Open… and Yet Shut
Filed Under: Big Data, Blog, data analytics, healthcare, Industry Analysis, internet, Publishing, Reed Elsevier, Search, semantic web, STM, Uncategorized, Workflow
I am a passionate fan of the World of Open. Without a network ethic of Open we will strangle the world of connectivity with restriction and force ourselves into re-regulating just those things which we have so recently decongested. Yet not all the things we want to designate as Open will be open just because we put the word in front of the previous descriptor. In most instances being Open does not necessarily do the trick on its own – someone has to add another level of value to change Open meaning “available” to Open meaning “useful”. So, the argument that Open Access journals are an appropriate response to the needs of researchers and to a wider public who should be enjoying unfettered access to the fruits of taxpayer-funded research would seem to be a given. But creating real benefits beyond such general statements of Good seems very hard, and the fact that researchers cannot see tangible benefits beyond occupying the moral high ground probably connects with the grindingly slow advance of Open Access to around a quarter of the market in a decade.
I feel much the same about Open Citations. Reading the latest Initiative for Open Citations report at i4Oc.org, I find really good things:
“The present scholarly communication system inadequately exposes the knowledge networks that already exist within our literature. Citation data are not usually freely available to access, they are often subject to inconsistent, hard-to-parse licenses, and they are usually not machine-readable.”
And I see an impressive number of members, naturally not including either Clarivate or Elsevier. Yet using the argument above I would say that either of these is most likely to add real value to Open Citations, and certainly more likely than most of the members of the club. What we have here, all the time, is a constant effort to try to emulate a world which has largely now passed by, and we do it by trying to build value propositions from wholly owned artifacts or data elements, thus turning them into proprietory systems. This urge to monopoly is clearly being superseded: what has happened is that the valuation systems by which markets and investors measure value has not caught up with the way users acknowledge value.
Outside of the worlds of research and scholarly communication it seems clear that the most impressive thing you can say about the world of data is “Use it and lose it”. The commoditization of data as content is evident everywhere. The point about data is not Big Data – a once prominent slogan that has now diminished into extinction – but actionable data. The point is not collecting all the data into one place – it can stay wherever it rests as long as we can analyse and utilise it. The point is the level of analytical insight we can achieve from the data available, and this has much to do with our analytics, which is were the real value lies. Apply those proprietory analytics back into the workflow of a particular sector – the launch music around Artifacts in Healthcare in Cambridge MA was ver notceable last week – and value is achieved for an information system.
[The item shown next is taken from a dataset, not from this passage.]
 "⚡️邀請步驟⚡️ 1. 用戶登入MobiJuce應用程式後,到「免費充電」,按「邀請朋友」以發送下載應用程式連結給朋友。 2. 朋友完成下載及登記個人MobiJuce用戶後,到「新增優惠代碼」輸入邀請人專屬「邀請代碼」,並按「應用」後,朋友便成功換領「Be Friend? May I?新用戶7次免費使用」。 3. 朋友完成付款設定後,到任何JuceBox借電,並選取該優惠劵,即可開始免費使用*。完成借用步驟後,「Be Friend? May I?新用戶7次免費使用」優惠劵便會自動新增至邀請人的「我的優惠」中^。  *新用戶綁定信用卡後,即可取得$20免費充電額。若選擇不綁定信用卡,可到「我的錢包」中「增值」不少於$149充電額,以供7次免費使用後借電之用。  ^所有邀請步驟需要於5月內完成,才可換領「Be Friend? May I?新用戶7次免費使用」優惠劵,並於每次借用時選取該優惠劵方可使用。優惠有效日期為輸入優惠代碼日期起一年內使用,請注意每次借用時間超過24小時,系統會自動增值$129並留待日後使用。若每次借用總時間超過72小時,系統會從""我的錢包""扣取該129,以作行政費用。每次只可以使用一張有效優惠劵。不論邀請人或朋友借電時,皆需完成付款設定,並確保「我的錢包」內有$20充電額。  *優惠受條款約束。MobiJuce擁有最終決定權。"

And one day, outside of copyright and patents, and before we get to the P&L account, someone will work out how we index those values and measure the worth of a great deal of the start-up activity around us.
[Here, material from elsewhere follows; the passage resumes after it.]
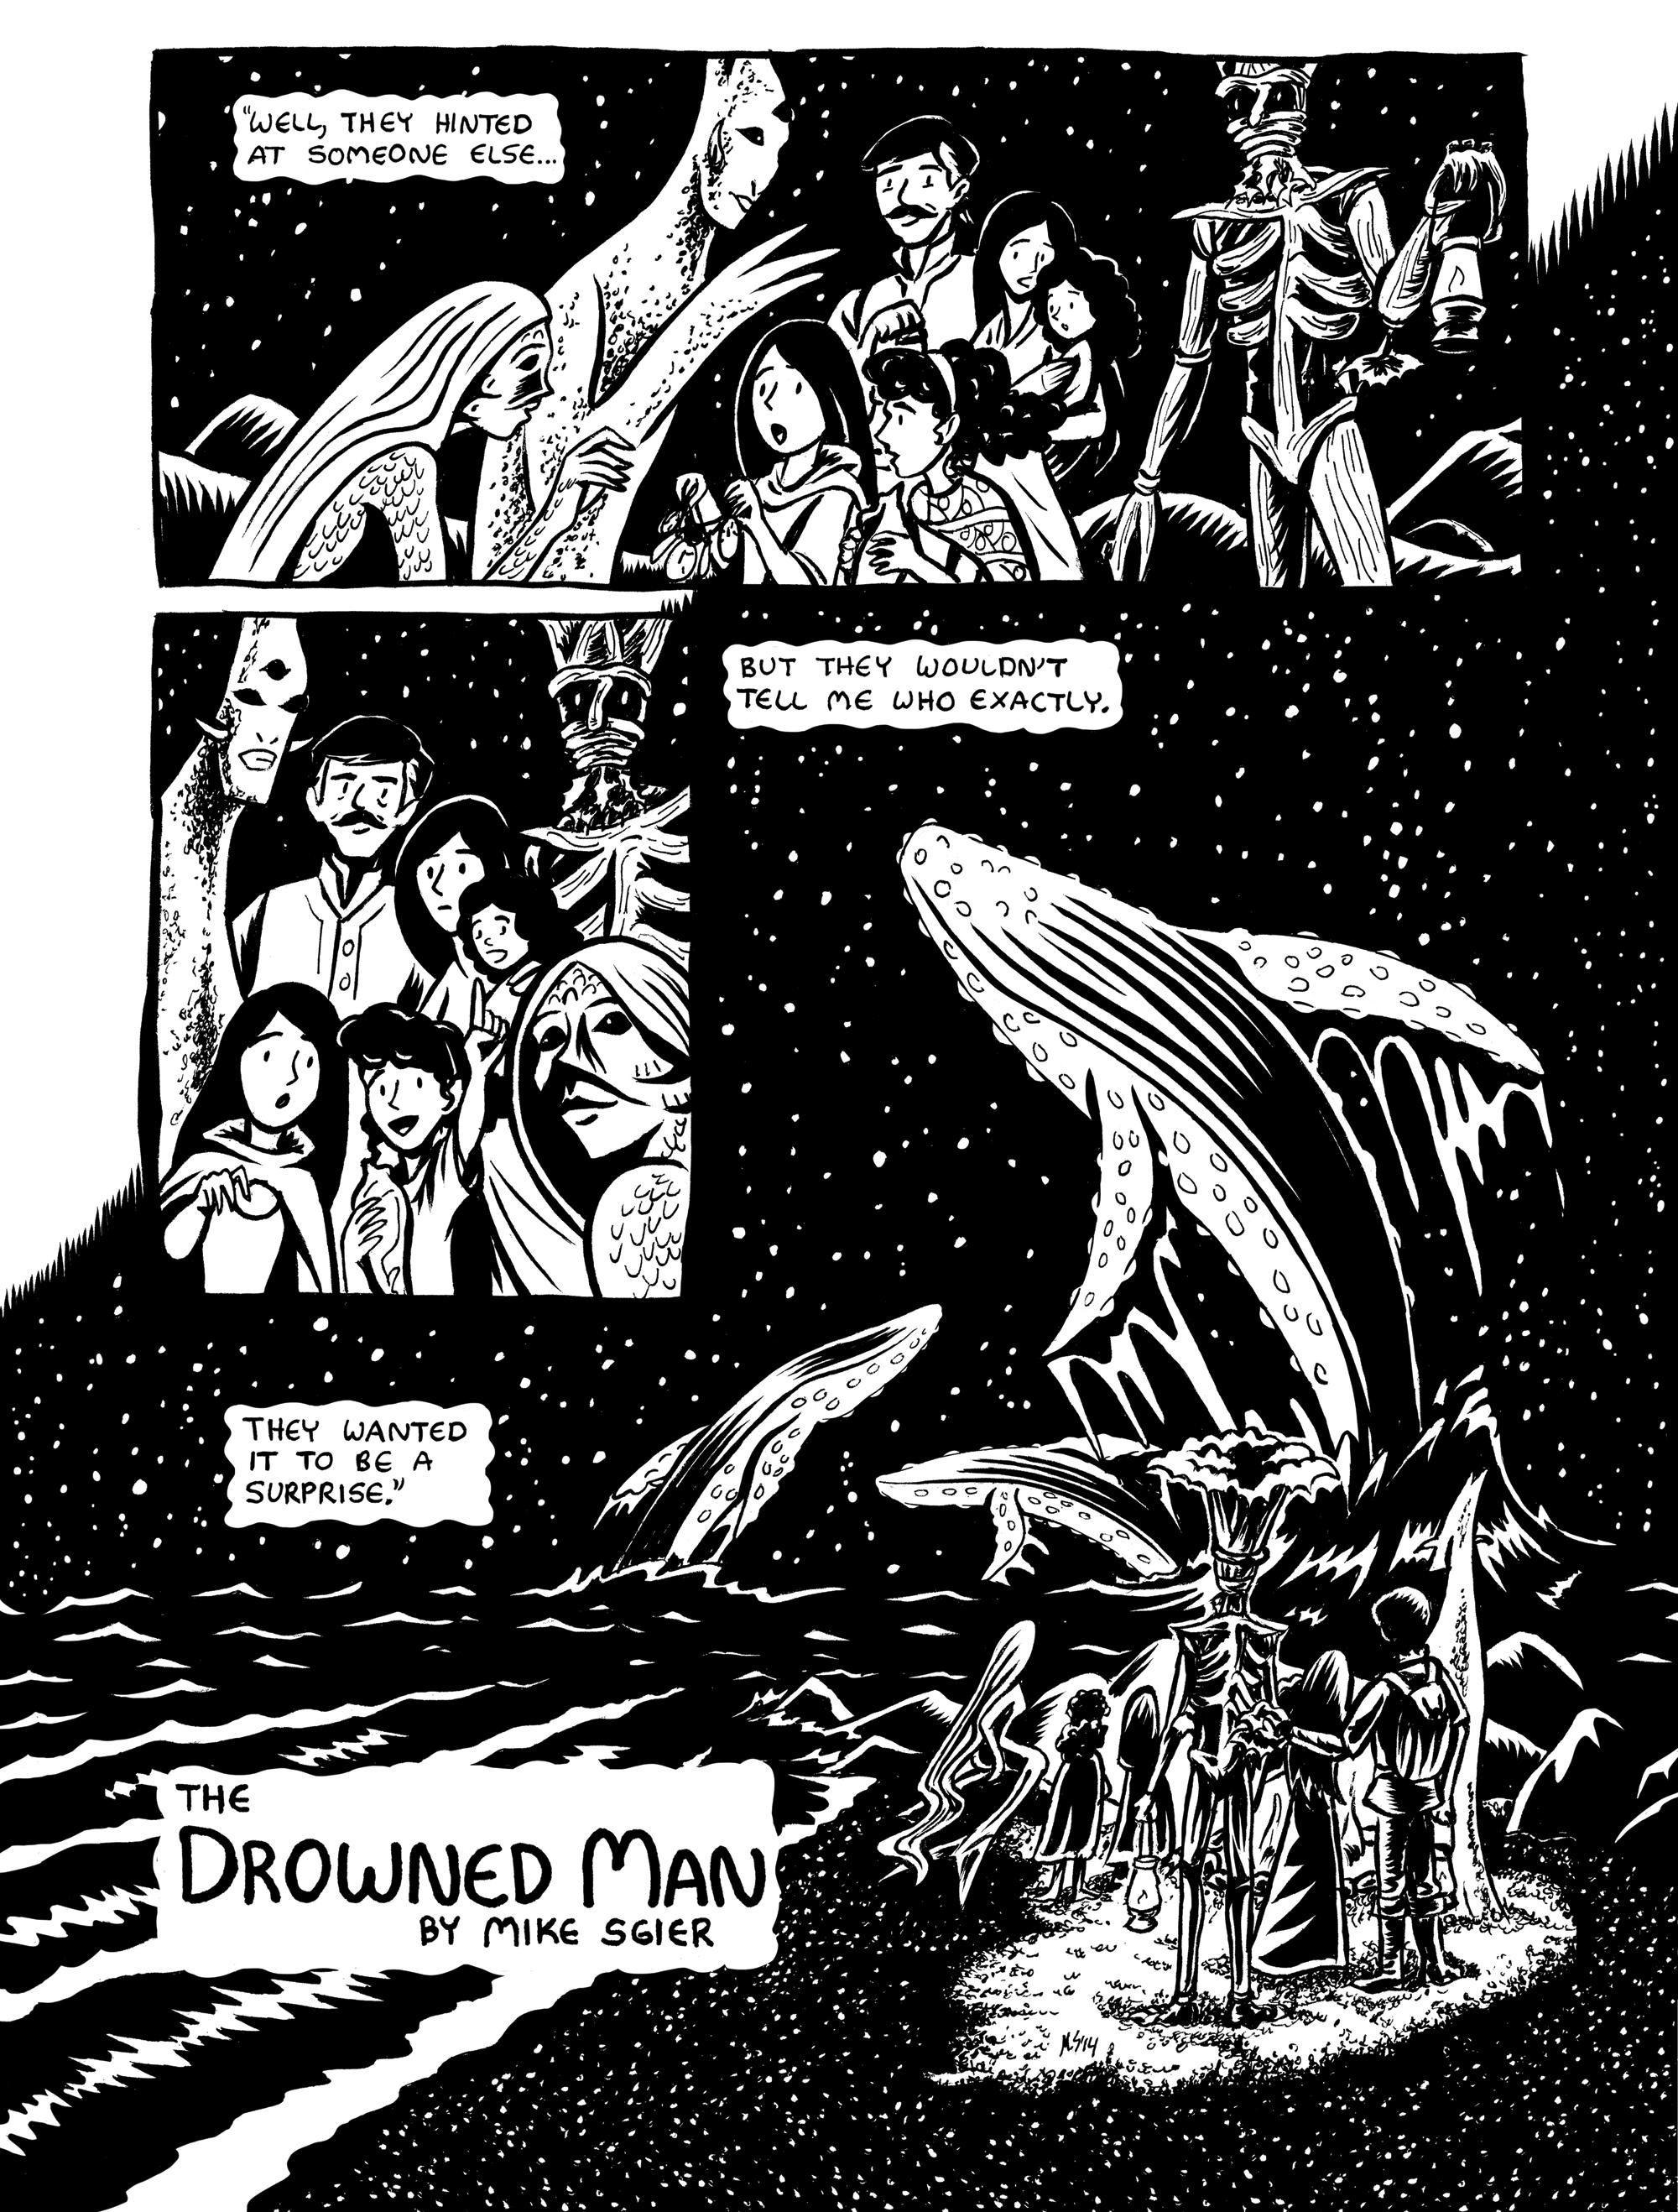 sgier-drowned10.jpg

So from this viewpoint the press release of the week came from Clarivate Analytics and did not concern Open at all directly. It concerned a very old-fashioned value indeed – Brand. If the world of scholarly communication is really about creating a reputation marketplace, the ISI, Eugene Garfield’s original vehicle for establishing citation indexing from which to promulgate the mighty Impact Factor, is the historical definition point of the market in scholarly reputation. By refounding it and relaunching it, Clarivate seem to me to be not just saying how much the market needs that sort of research right now, but to be aiming at the critical value adding role: using the myriad of data available to redefine measurement of reputation in research. In many ways Open Citations will assist that, but the future will be multi-metric, the balance of elements in the analytics will be under greater scrutiny than ever before, and ISI will need to carry the whole marketplace with them to achieve a result. That is why you need a research institute, not just a scoring system. And even then the work will need a research institute to keep it in constant revision – unlike the impact factor the next measure will have to be developed over time, and keep developing so that it cannot be influenced or “gamed”. In the sense I have been using it here, ISI becomes the analytical engine sitting on top of all of the available but rapidly commoditising research data.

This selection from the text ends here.